Harley returned home last night after a couple of days away doing tomcat stuff.
 I was alerted to his arrival by the scream of my wife. Bounding downstairs with a much zeal as a man who'd just spent 16 hours at work could muster, it was to see my daughter's cat sitting patiently at the patio door waiting to come in.

    At the same moment my beloved hurtled past admonishing me to slaughter the wretched cat with a carving knife. I think the epithet was wretched, but might just have begun with the letter "F" - I wasn't really taking much notice because of my astonishment.

    Harley isn't the biggest cat in the world, but clasped between his jaws was the biggest rat I've ever seen. The ex rodent I wasn't wriggling so I assumed it must have met its end courtesy of my daughter's moggy.

    'Sorry, pal. You're on your own," I advised him having been the recipient of several similar threats by She-who-must-not-be annoyed.

    Clearly realising that he was not going to be admitted. Harley dropped the animal and began to eat it.

    Five minutes later my wife called down demanding to know if it was gone. By  "it" I assumed her to mean both of them.

    "Nearly," I answered, intrigued as to how such a small cat could consume so much meat, and everything else as well. Maybe his stomach is a feline TARDIS. A muffled retching sound was my only answer.

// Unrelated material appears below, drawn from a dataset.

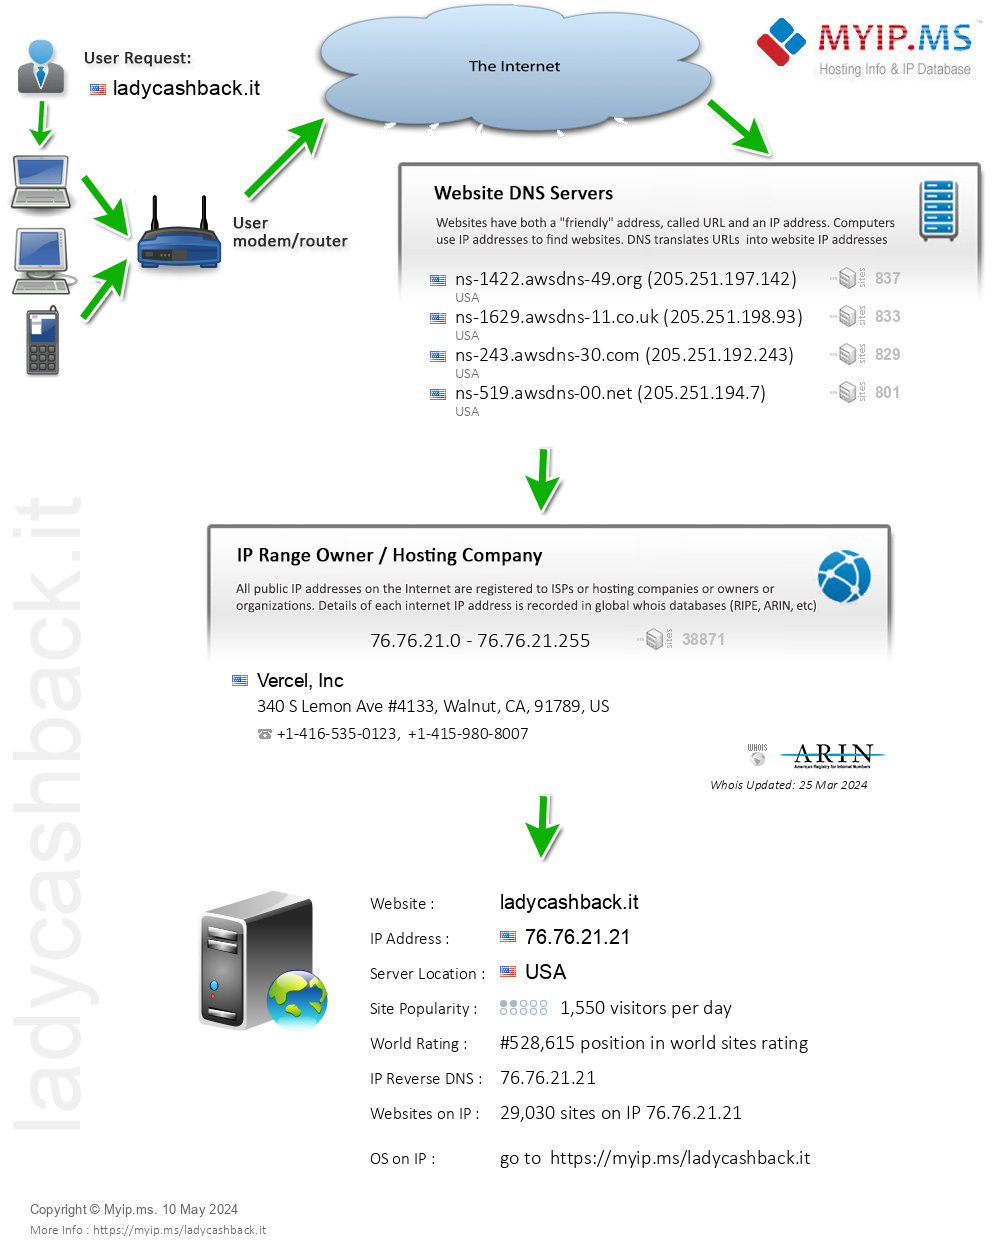 Ladycashback.it - Website Hosting Visual IP Diagram

   Ten minutes later the rat was gone, completely gone, and Harley mewed politely to come in.

    Just how he managed such a feat will always be a mystery but Harls is a real cool cat, and my favorite of the two my daughter brought unannounced to the house one day, and left behind when she relocated with her partner. The other has just set the new Olympic record for sleeping - it's about two weeks now I think. The closest she''s ever come to a rat is running away from one.